Пение и музыка приближались. Барабанный бой под мерный темп марша напоминал голоса страшной бури в пустыне; тут же раздавался металлический звон гонгов и серебристые переливы колокольчиков. Наконец, появились горнисты и выстроились рядами по обе стороны дороги, ведущей к месту церемонии в храме.
И воцарилась мертвая тишина. Никто не обращал уже внимания на палящий зной и жестокую жажду; глаза присутствующих жадно следили за жертвенной процессией.
Великолепная колесница была запряжена восемью черными быками. В ней по бокам стояли четверо жрецов в праздничных одеяниях. В центре в полусне-полутрансе лежал на осоке и тростнике чужеземец, великолепный подарок богу дождя, Ваня Ларин. Он так и не пришел в себя, в бессознательном состоянии был перенесен в колесницу.
Торжествующие крики народа слились в несмолкаемый, восторженный гул. Музыка и пение смешались с ропотом не одной сотни голосов. Ларина сняли с колесницы и понесли к великому храмовому алтарю бога дождя. Подарок богу блаженно улыбался, не открывая глаз.

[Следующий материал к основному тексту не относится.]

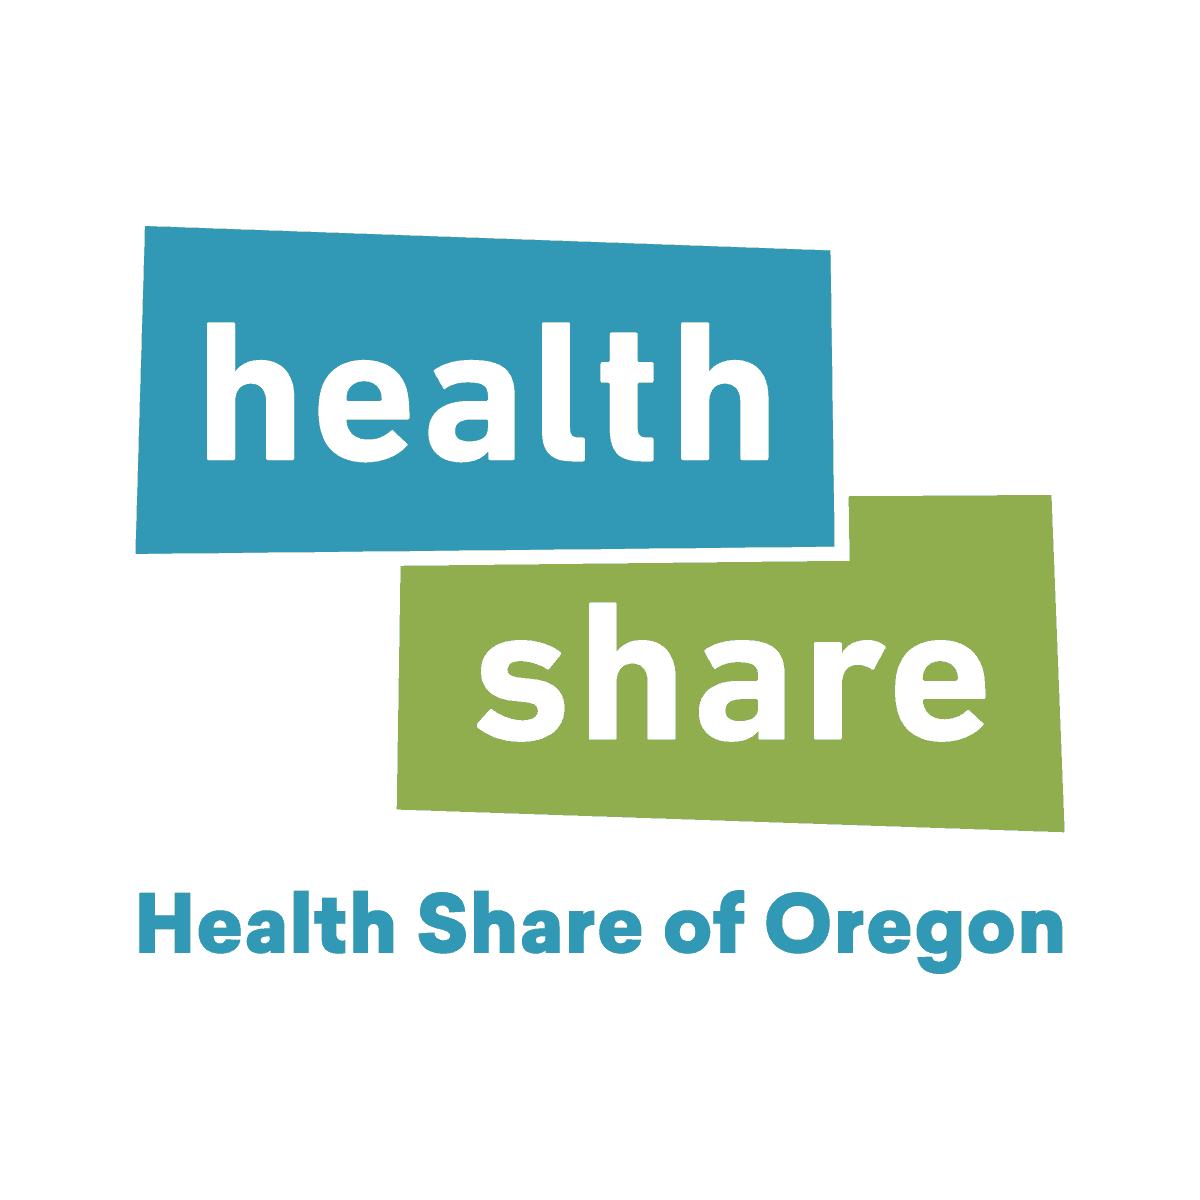 Health Share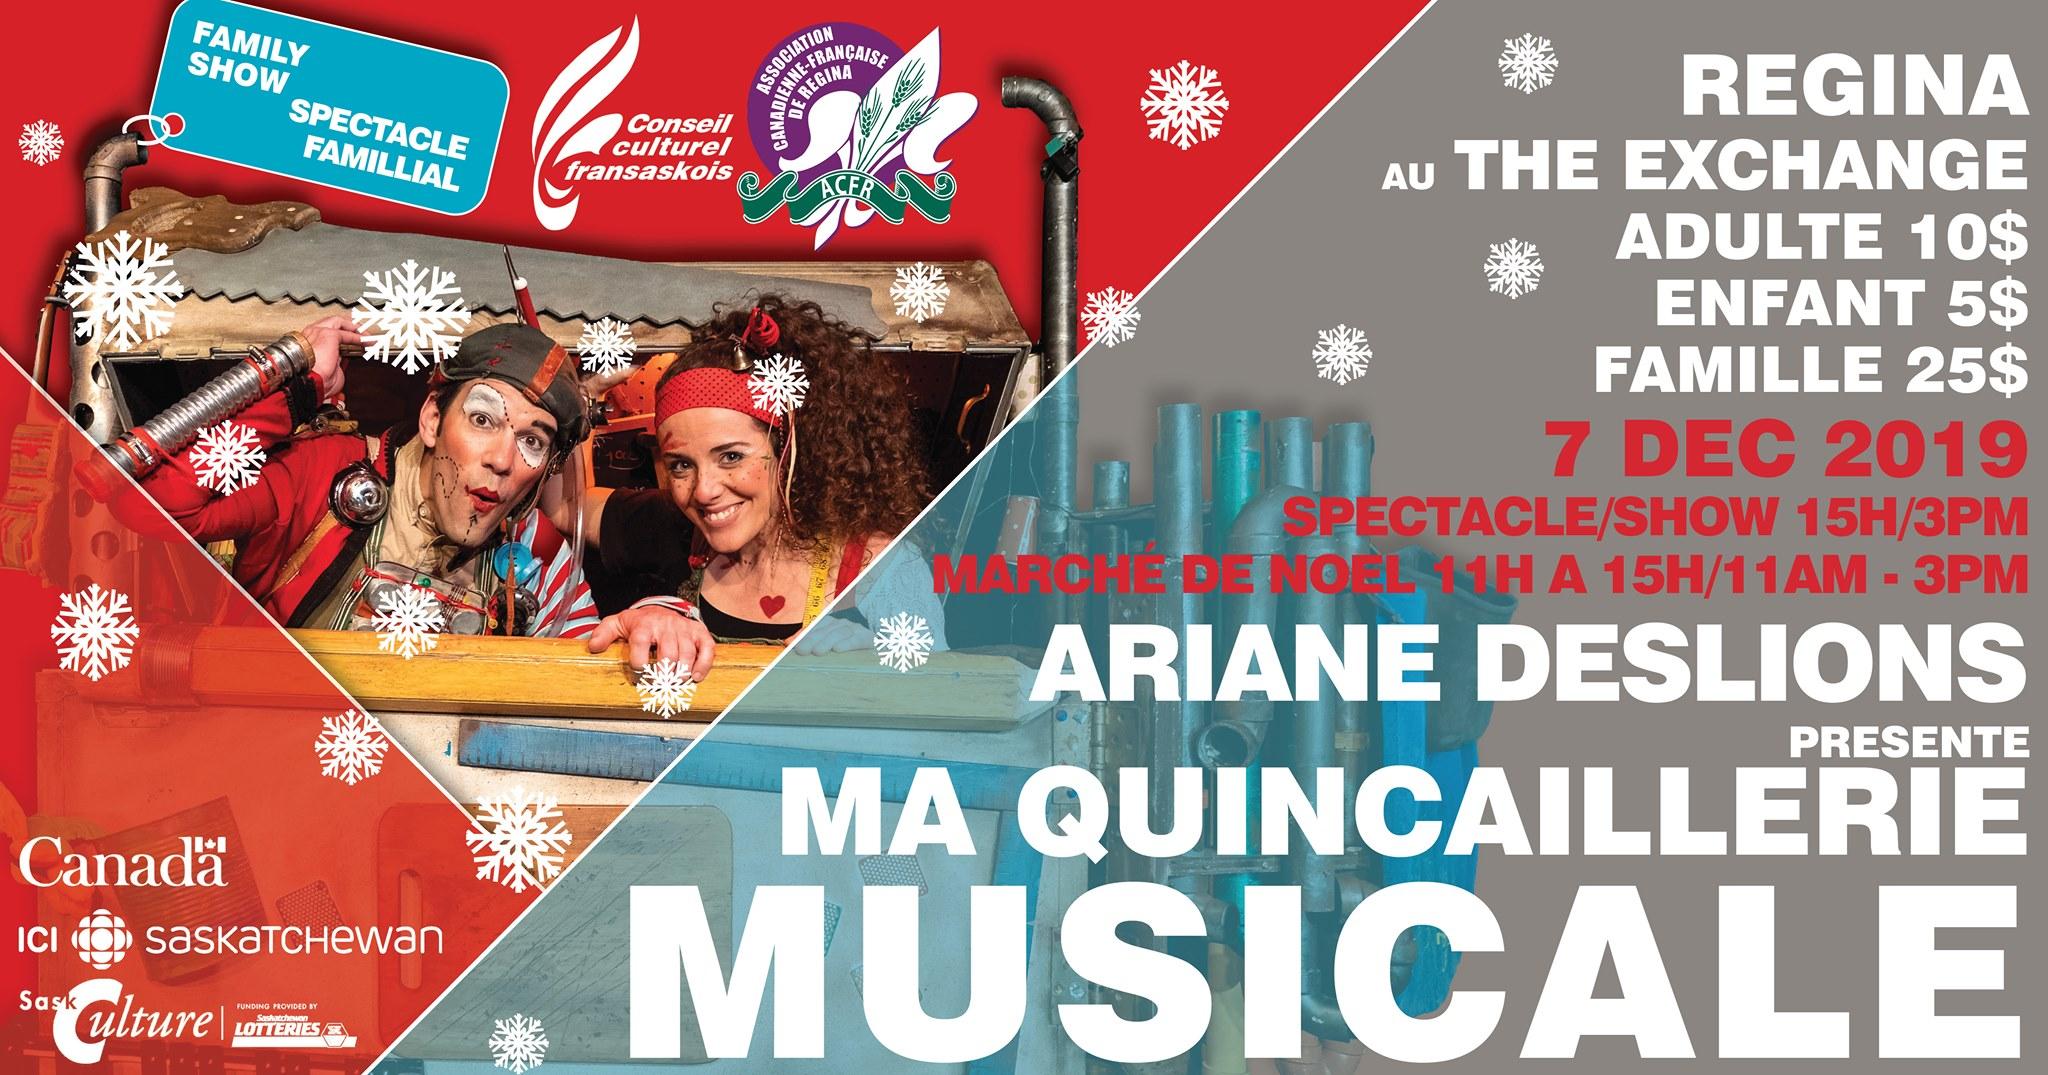 Marché de Noël & Spectacle Ma Quincaillerie musicale à Regina

Здесь процессию в страшном нетерпении уже ожидал Тааб-Горус. Он снял свою обычную одежду, и на нем теперь остался только передник до колен из черной материи. На переднике были вышиты какие-то знаки. На обнаженной бронзовой груди висел на цепочке широкий золотой нагрудник, на котором была изображена крылатая фигурка бога. На голове Тааба-Горуса, великого мастера человеческих жертвоприношений, была надета черная коническая шапка, спереди украшенная двумя золочеными молниями.
Ларина положили на серебряный жертвенник. Жрецы тут же отошли на несколько шагов, величественно сложив на груди руки. На лицах было выражение боязни и сосредоточенности. Тааб сорвал с чужеземца одежду, схватил нож со сверкающим лезвием и дребезжащим голосом выкрикнул заклинание:
— Бодрствуй, проснись, повелитель сияния! Иди на тех, кто противится мне! Нагрянь на врагов, подобно молнии! Истреби их своим дождевым дыханием! Имя твое — «владыка власти», и страх пред тобой поселится в сердцах чужеземцев!
Минуту спустя нож шумно вонзился в грудь жертвы. Тело Ларина выгнулось, и глаза, полные ужаса, открылись. Из полуоткрытого рта вырвался стон. Потом все стихло. Алая кровь, кипя, фонтаном брызнула из раны. Тааб наполнил кровью кубок и плеснул к колонне бога дождя.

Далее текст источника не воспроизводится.